## The records
───
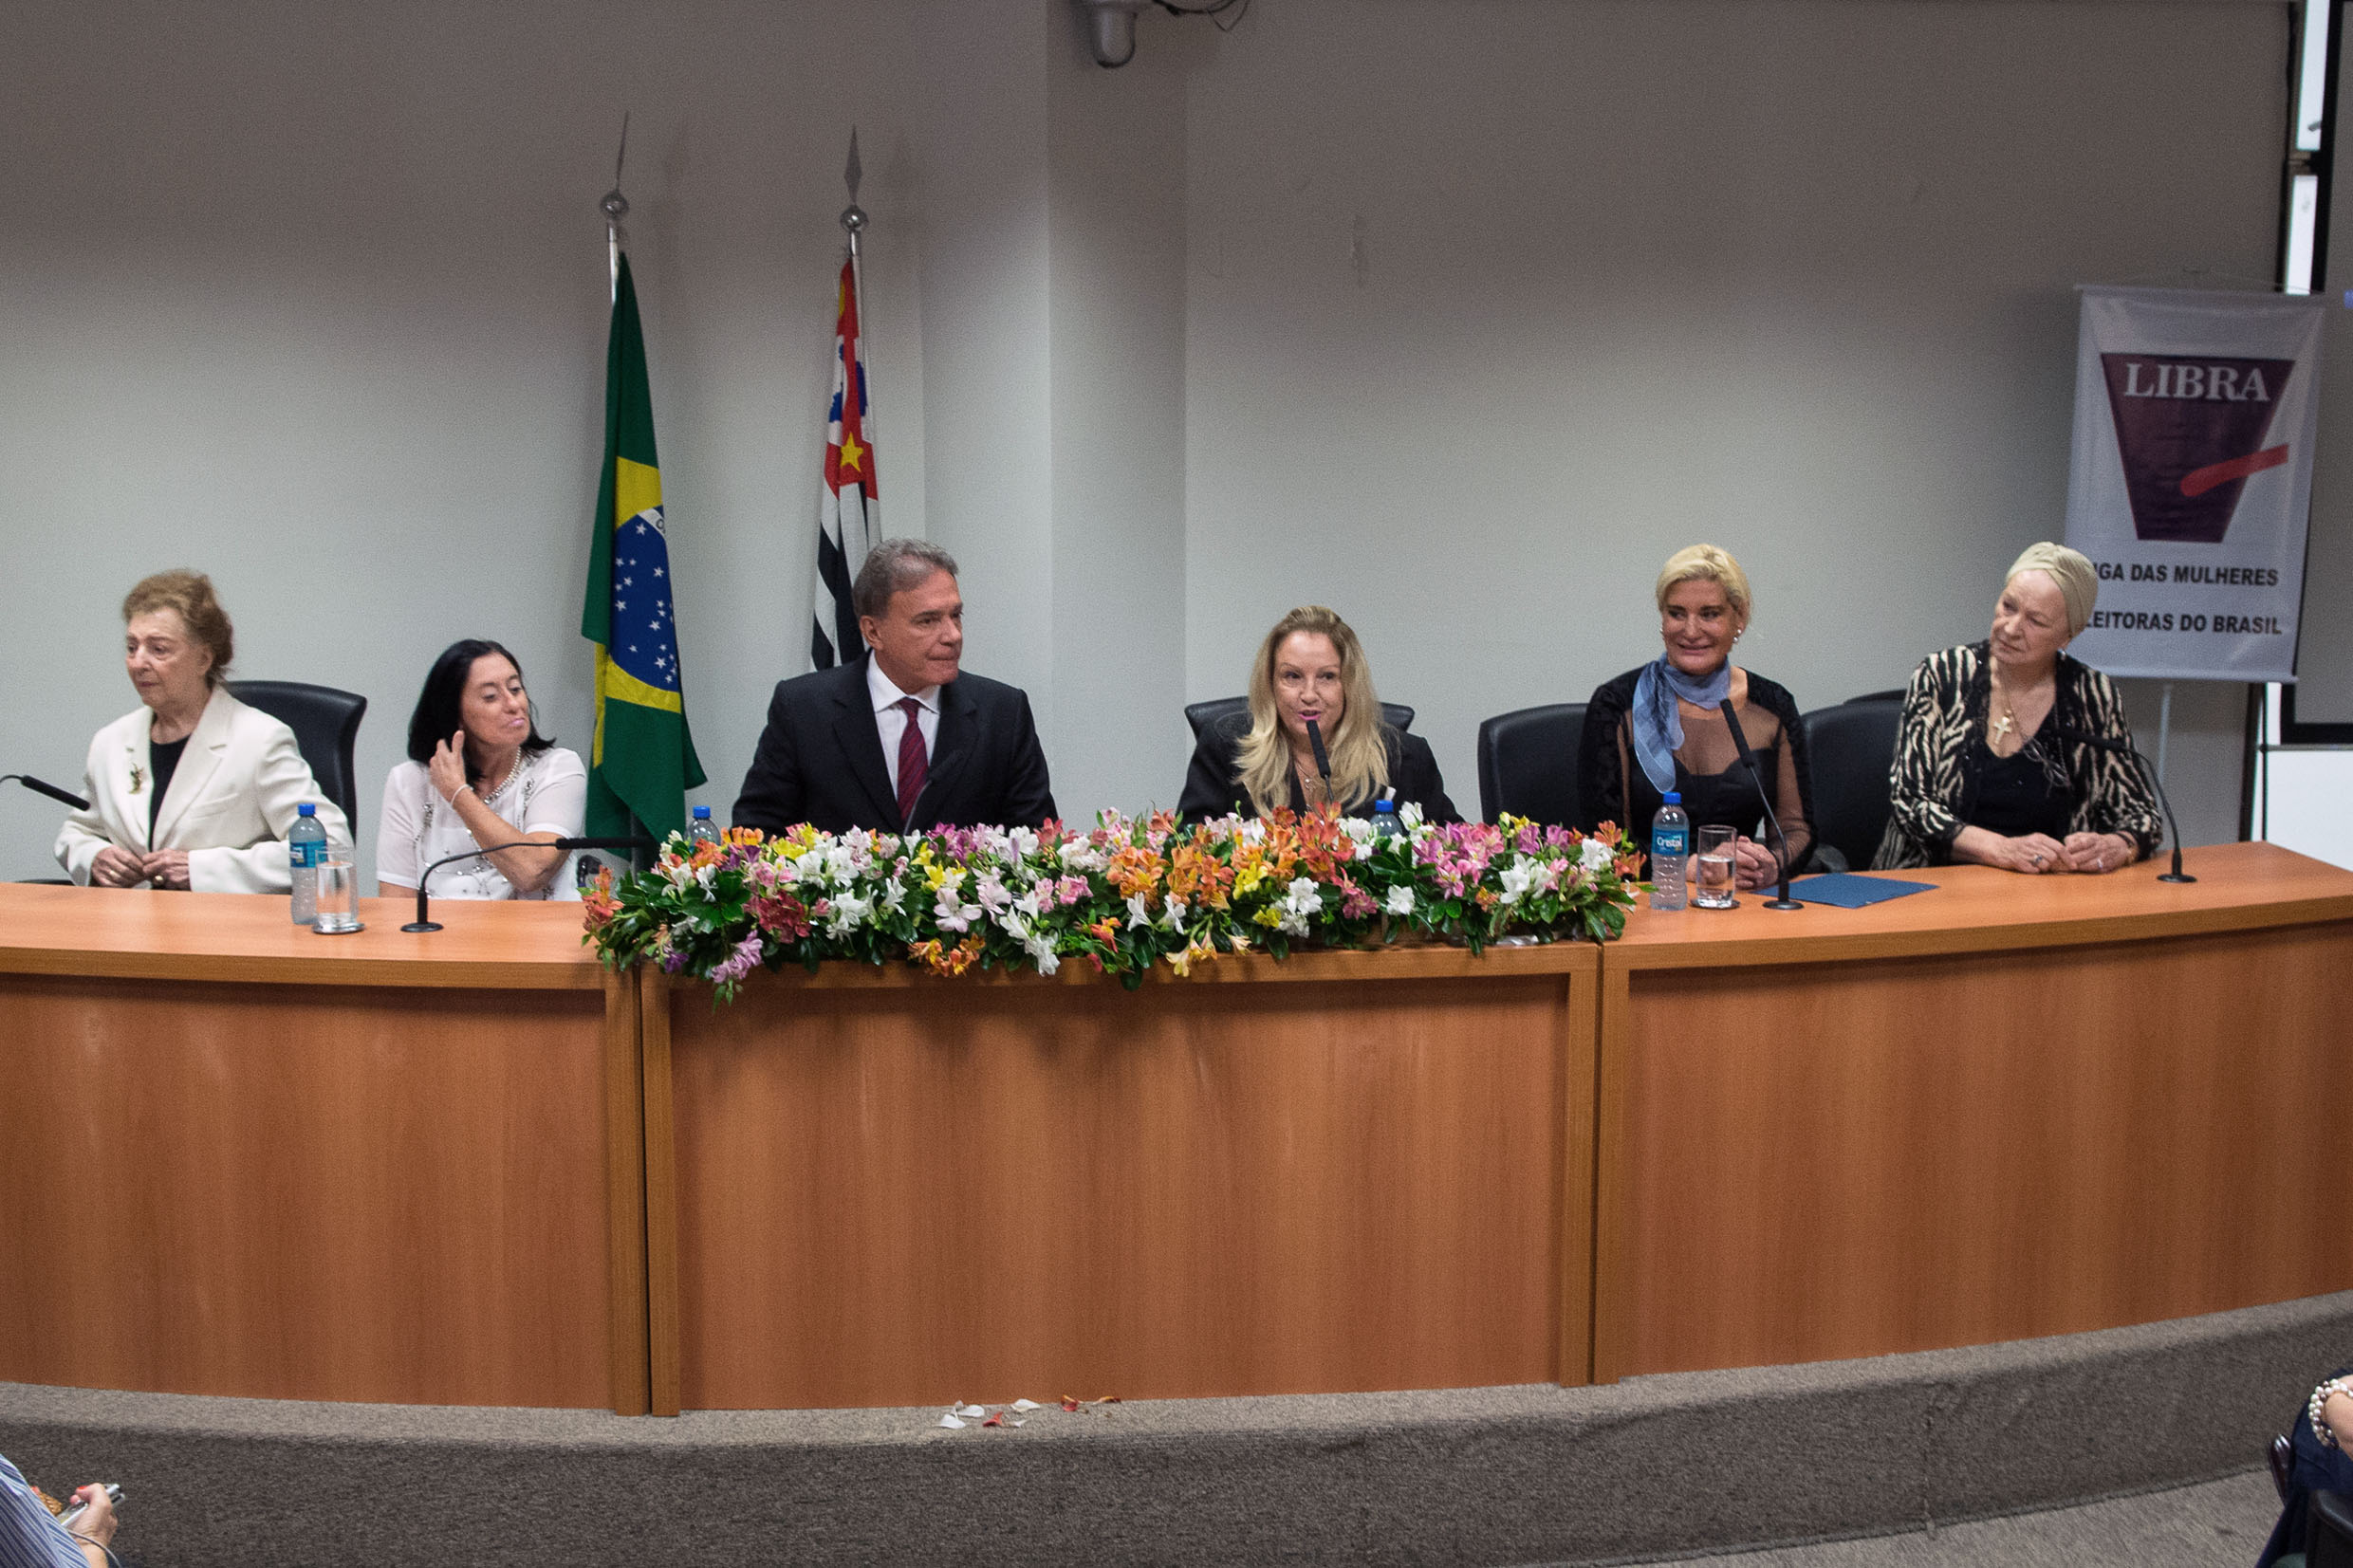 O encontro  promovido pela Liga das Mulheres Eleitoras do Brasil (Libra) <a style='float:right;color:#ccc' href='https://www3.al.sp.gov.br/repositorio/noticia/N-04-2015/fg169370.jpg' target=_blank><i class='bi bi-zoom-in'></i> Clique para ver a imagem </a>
───
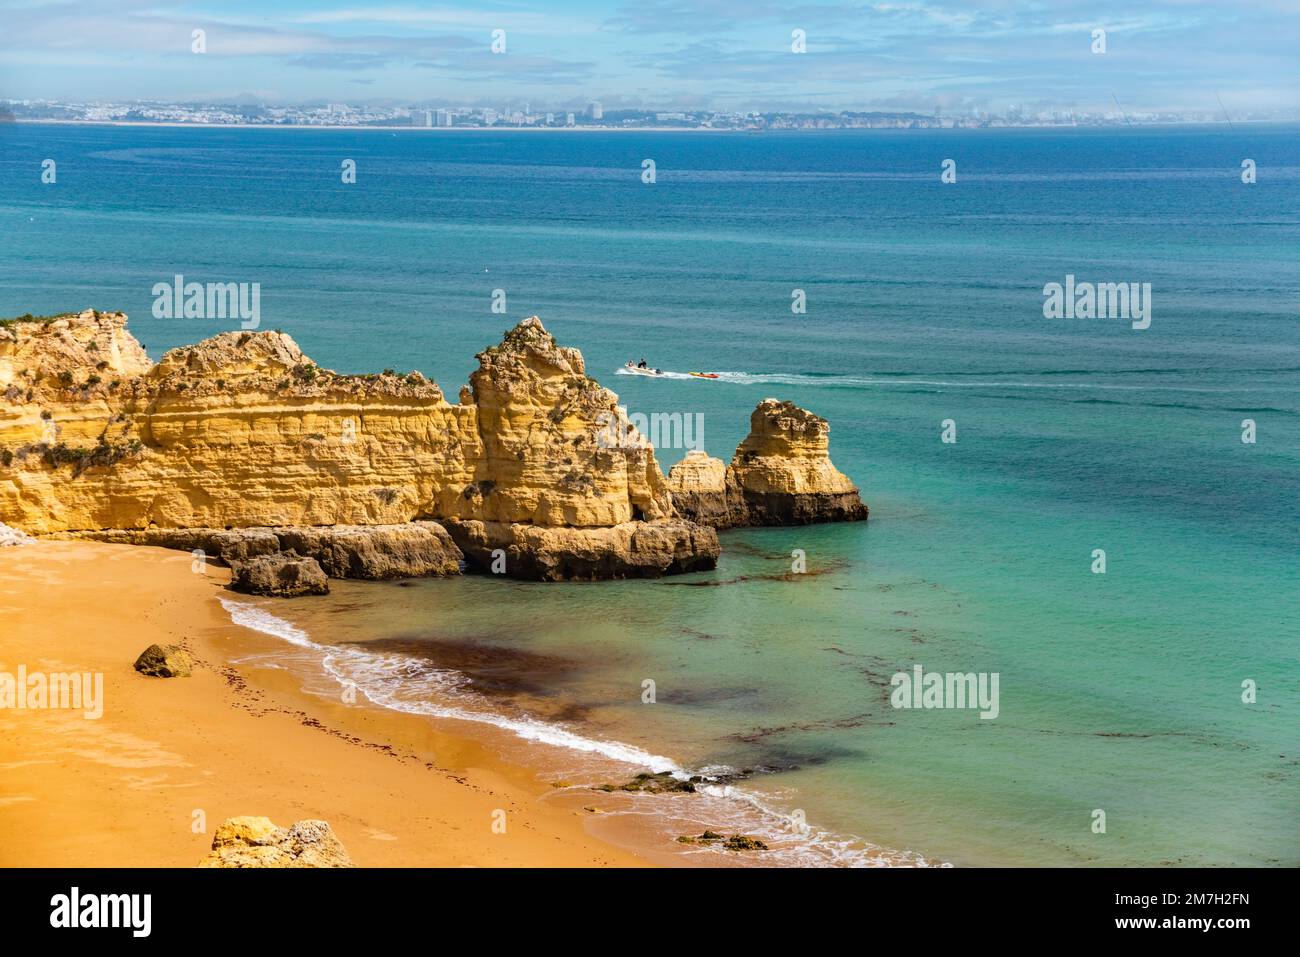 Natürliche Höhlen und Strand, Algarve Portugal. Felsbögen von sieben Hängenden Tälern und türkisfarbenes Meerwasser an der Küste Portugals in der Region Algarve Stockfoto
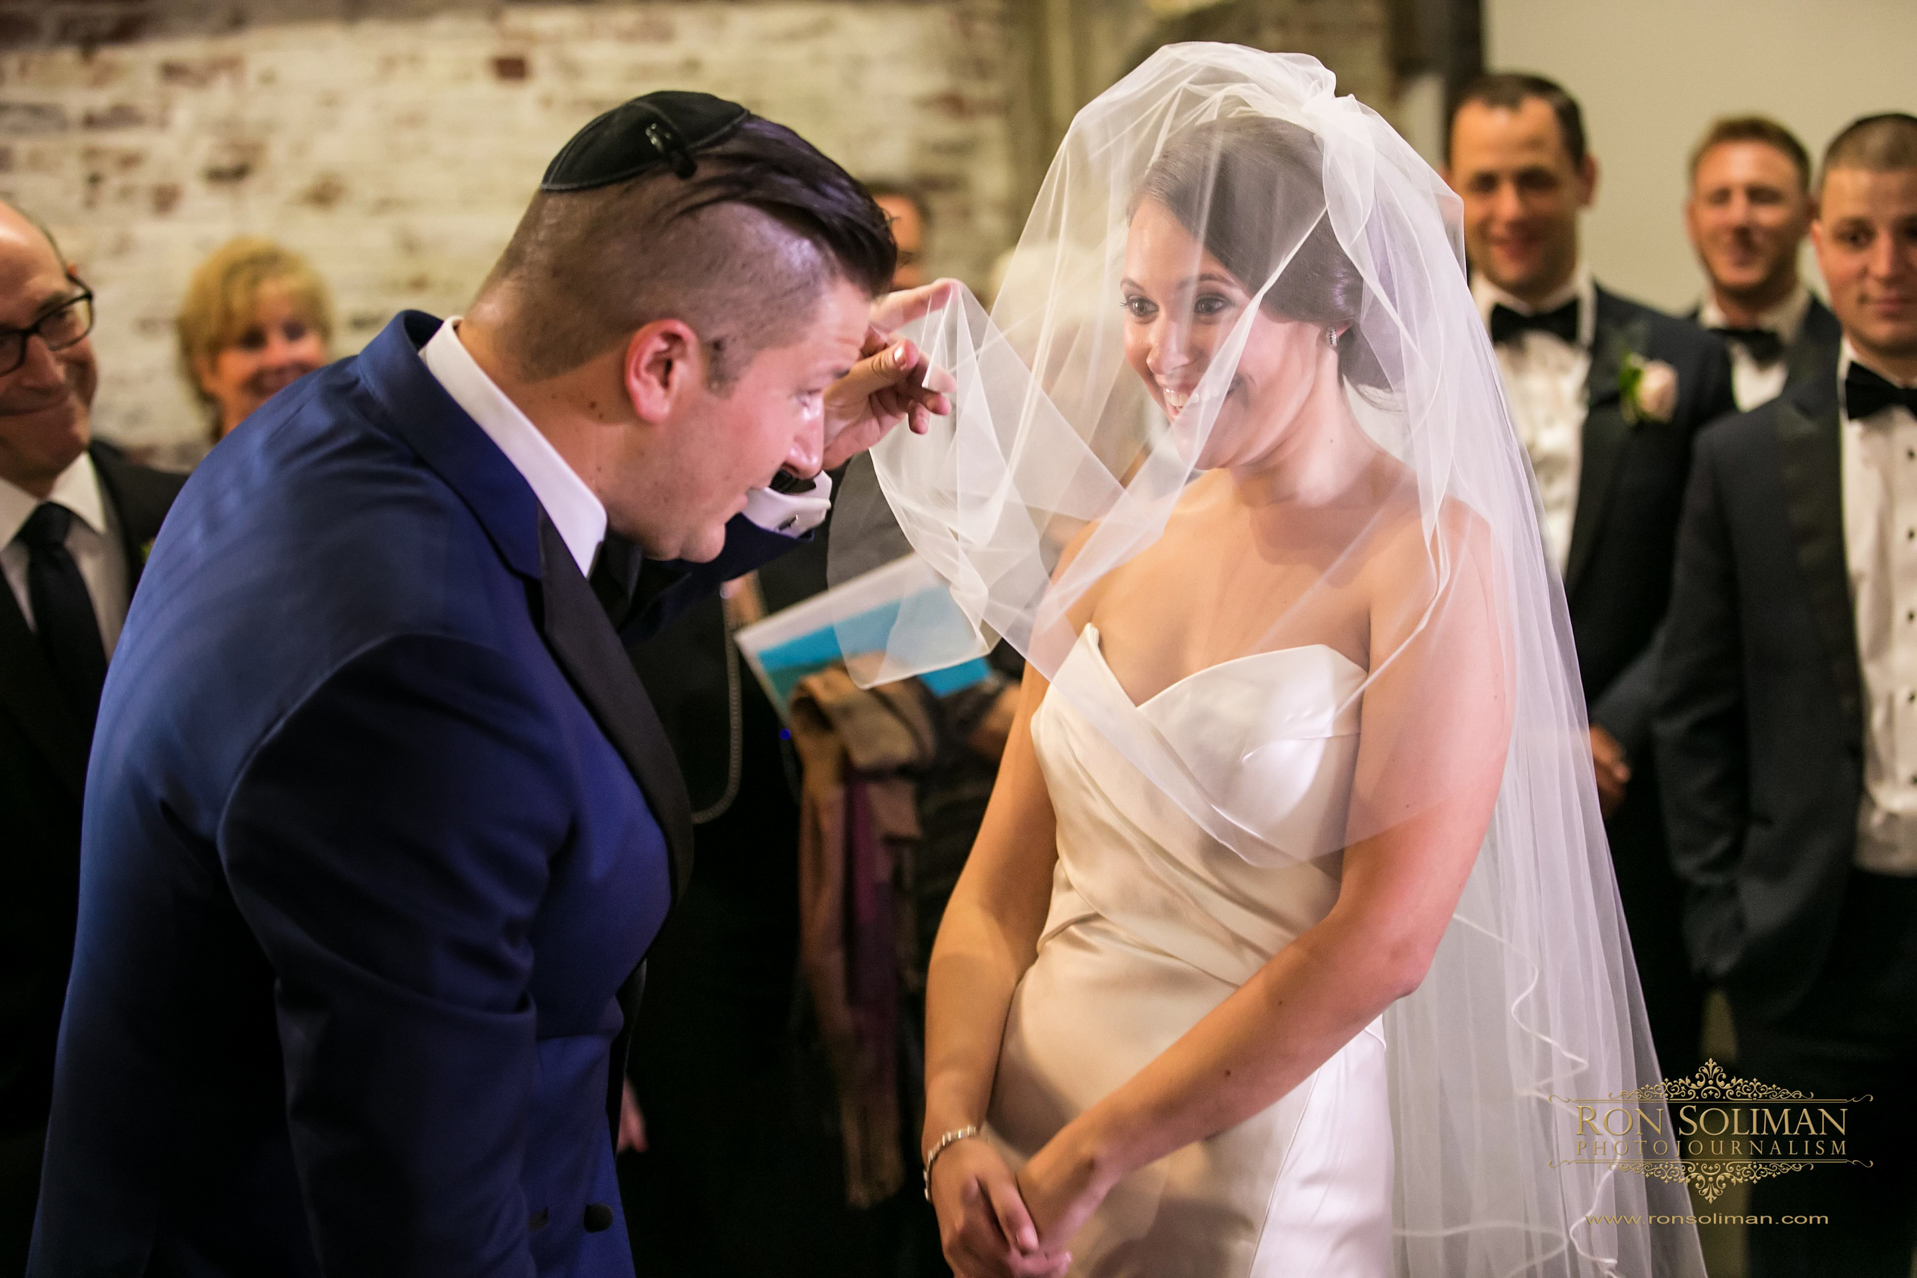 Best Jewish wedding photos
───
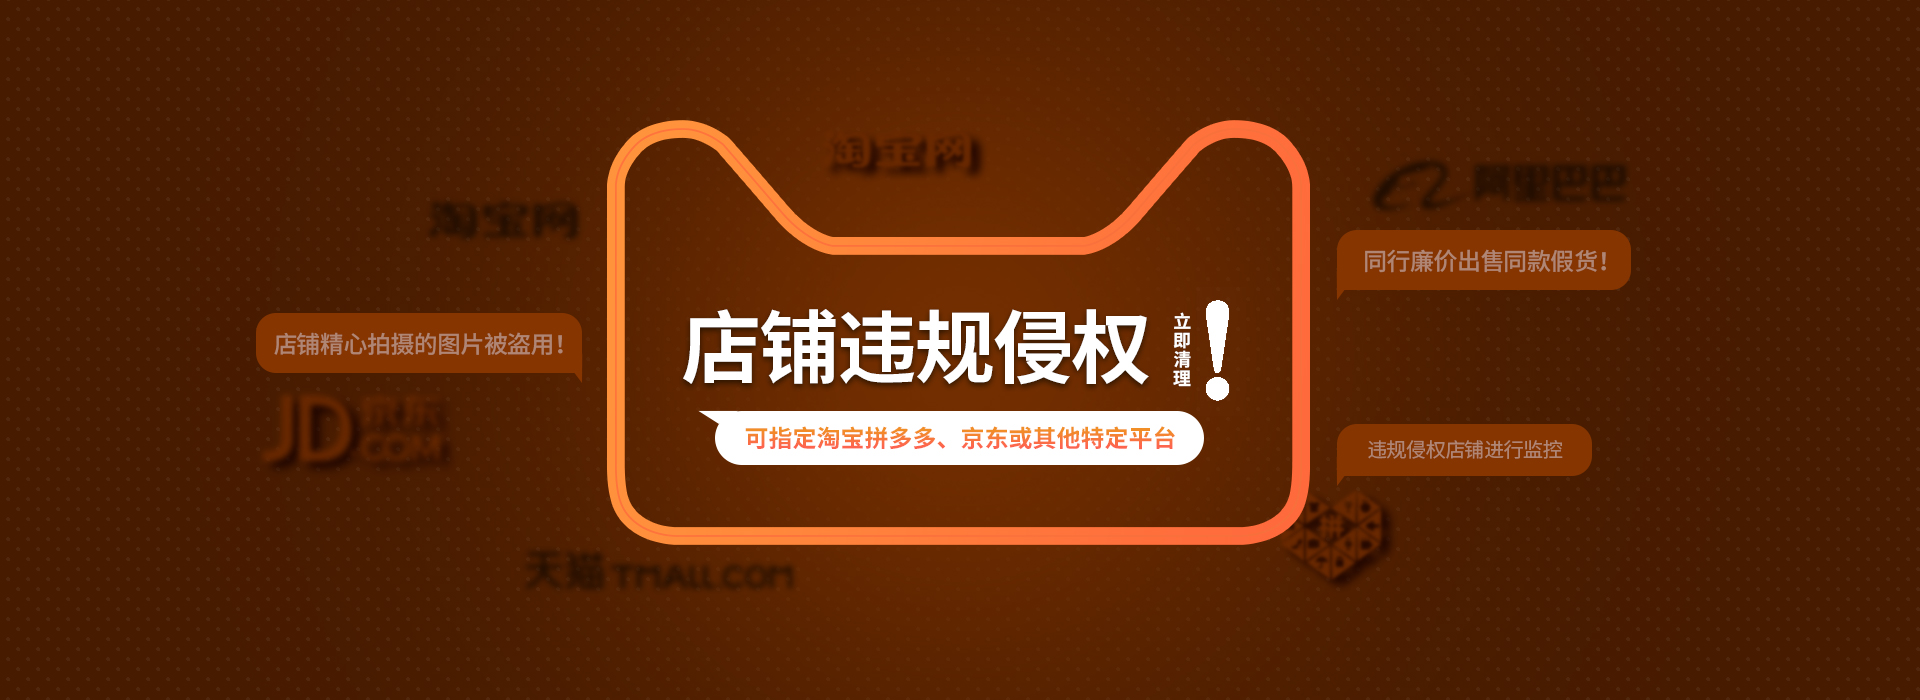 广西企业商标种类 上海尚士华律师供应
───
## Required action
No picture is to be printed. Output exactly the lines above from the line containing "Natürliche Höhlen und" through the line containing "Best Jewish wedding photos".

## Response
 Natürliche Höhlen und Strand, Algarve Portugal. Felsbögen von sieben Hängenden Tälern und türkisfarbenes Meerwasser an der Küste Portugals in der Region Algarve Stockfoto
 Best Jewish wedding photos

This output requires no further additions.